▶ [Data block]:
━━━━━━━━━━━━━━━━━━━━━━━━━━━━━━

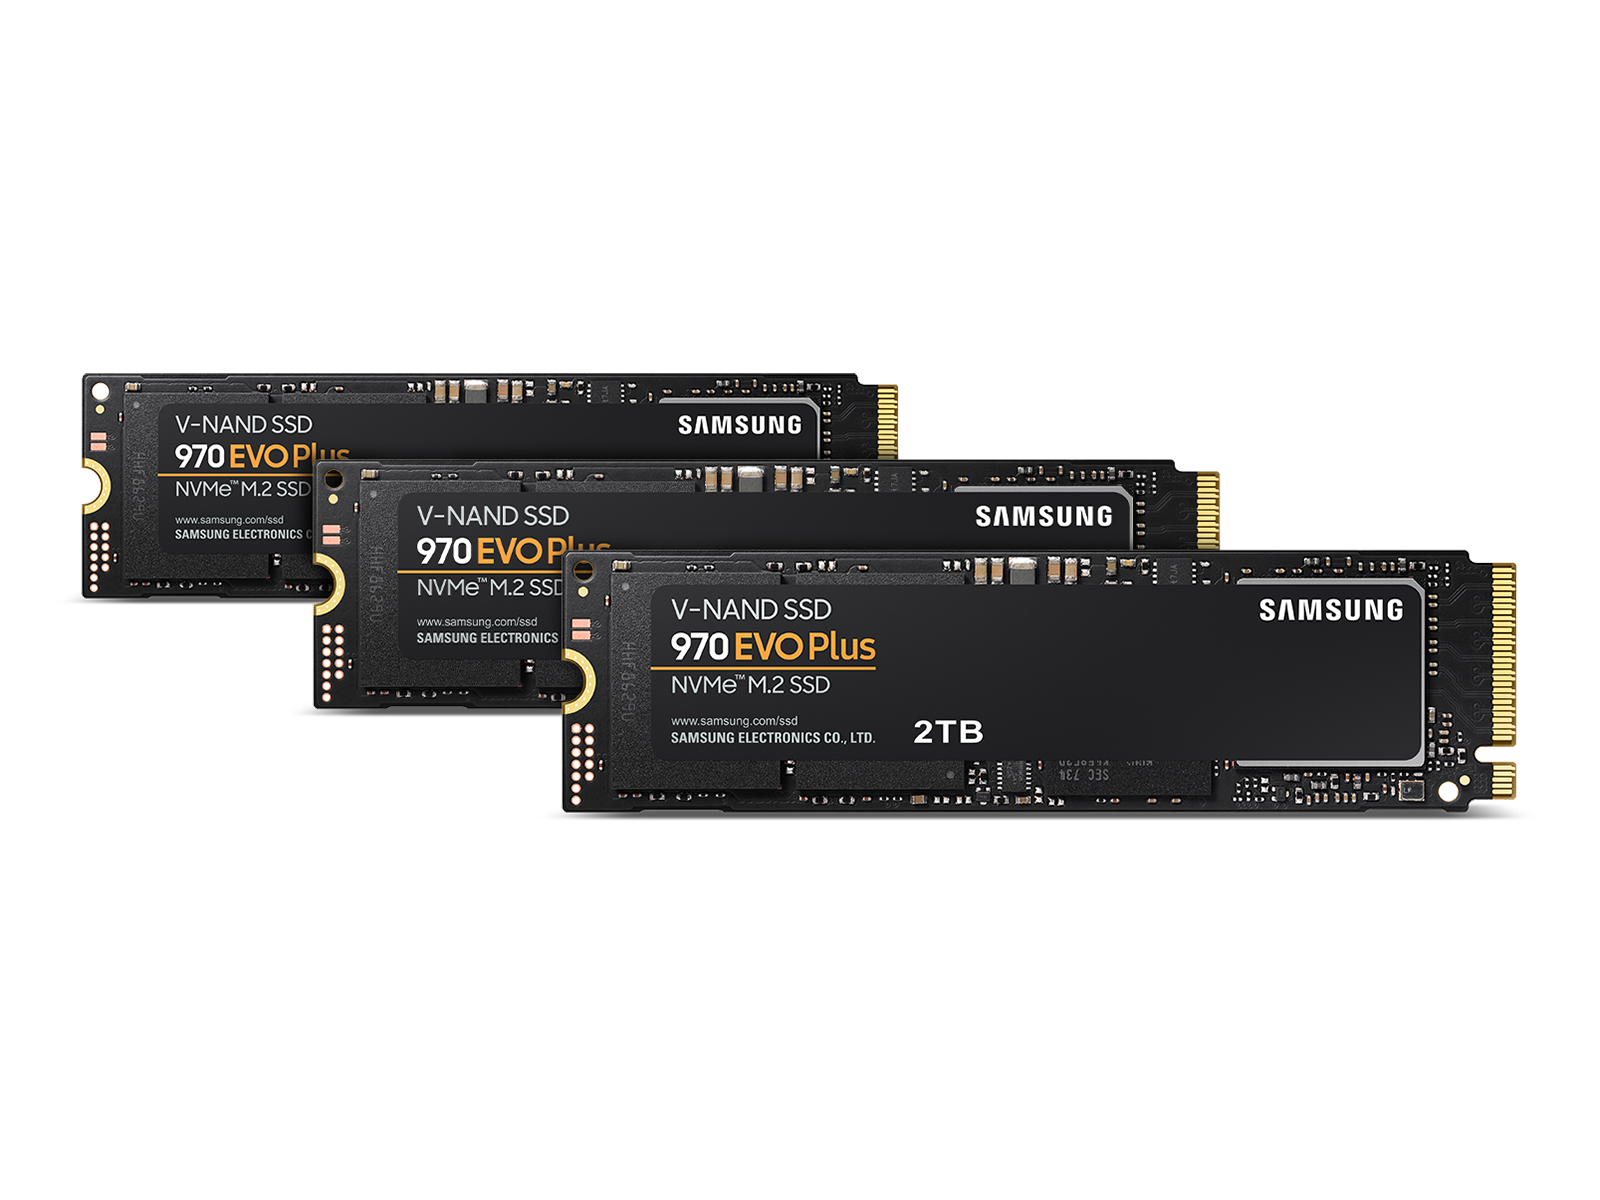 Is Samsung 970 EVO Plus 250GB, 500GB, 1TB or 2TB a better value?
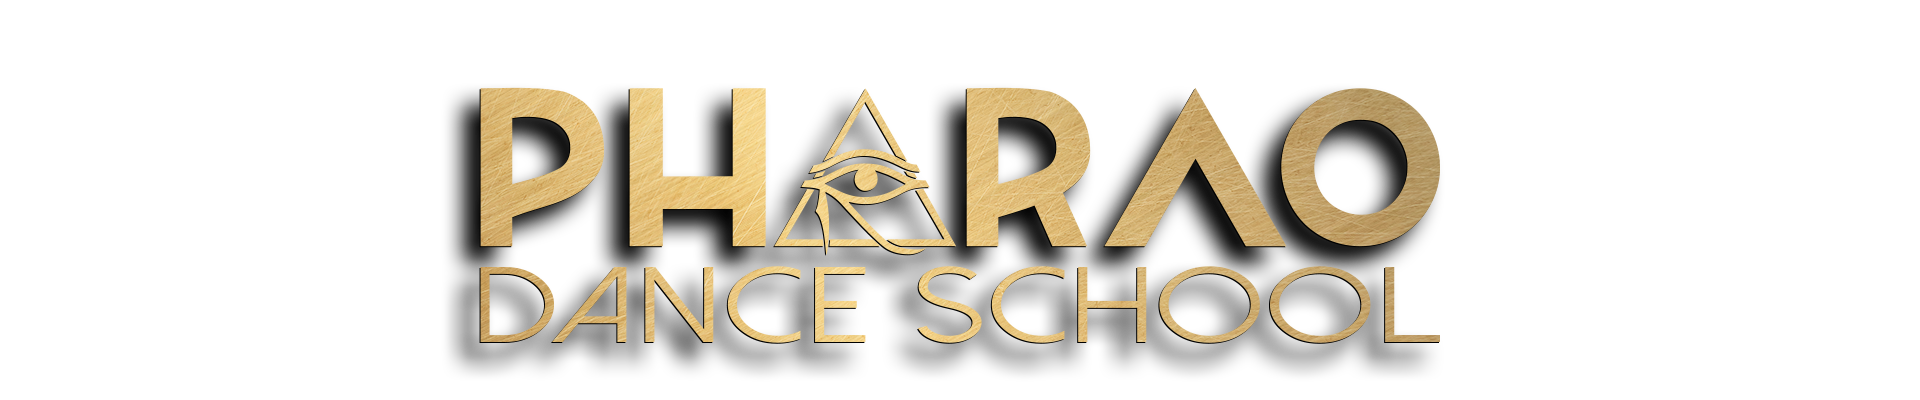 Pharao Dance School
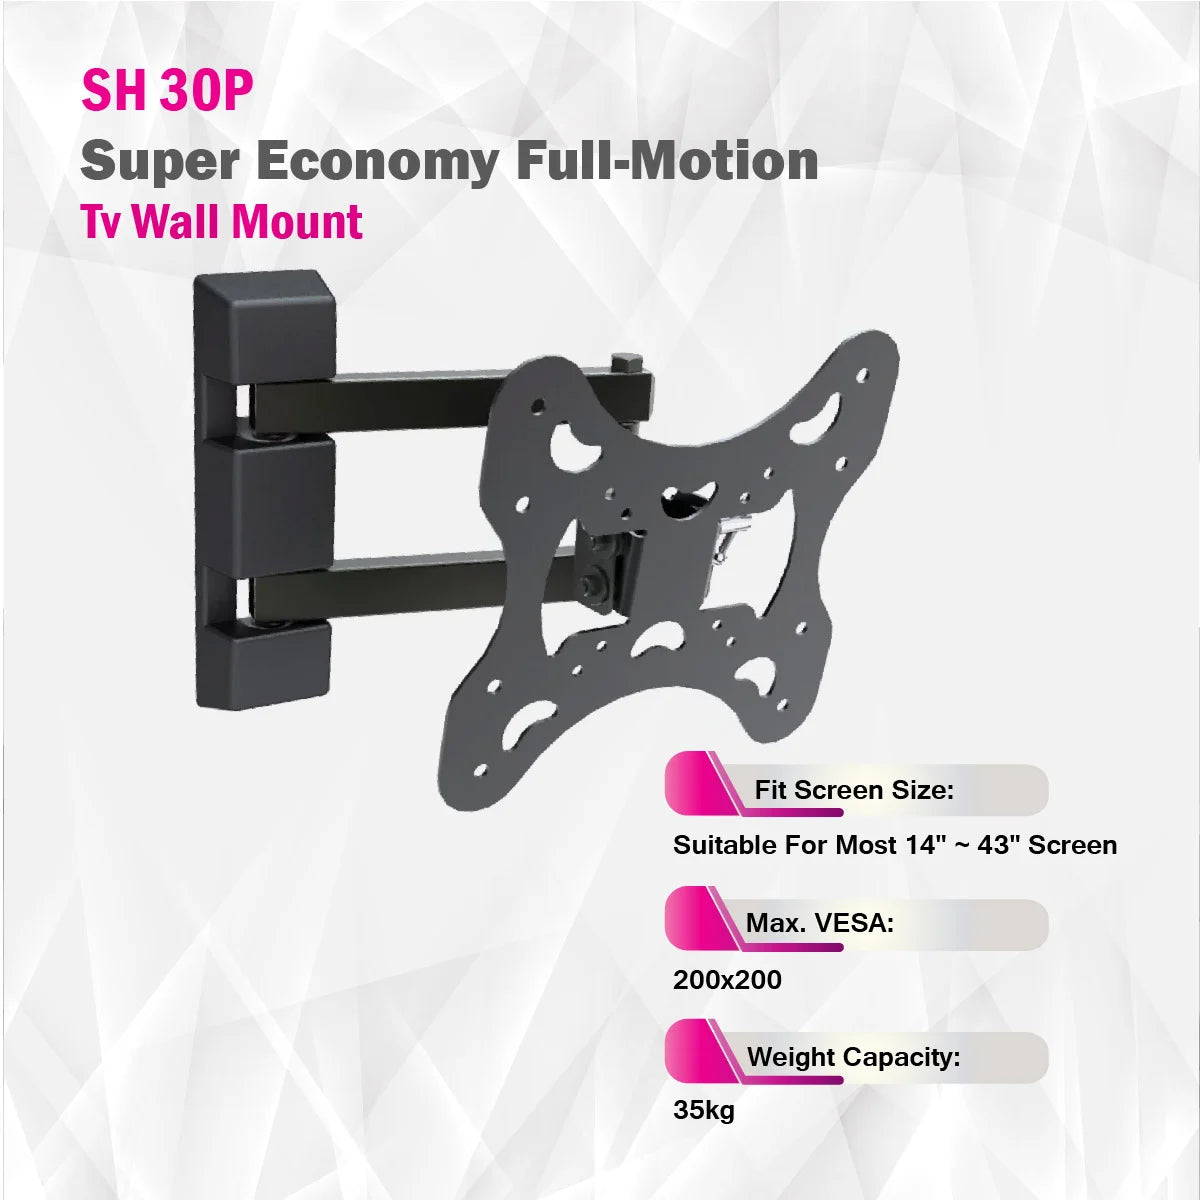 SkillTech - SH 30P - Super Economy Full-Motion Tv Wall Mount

━━━━━━━━━━━━━━━━━━━━━━━━━━━━━━

▶ [Exercise instructions]: No pictures belong in the copy. Retype exactly, and only, the lines from the line containing "Pharao Dance School" through the last line of the data, both included.

▶ [Exercise result]:
 Pharao Dance School
 SkillTech - SH 30P - Super Economy Full-Motion Tv Wall Mount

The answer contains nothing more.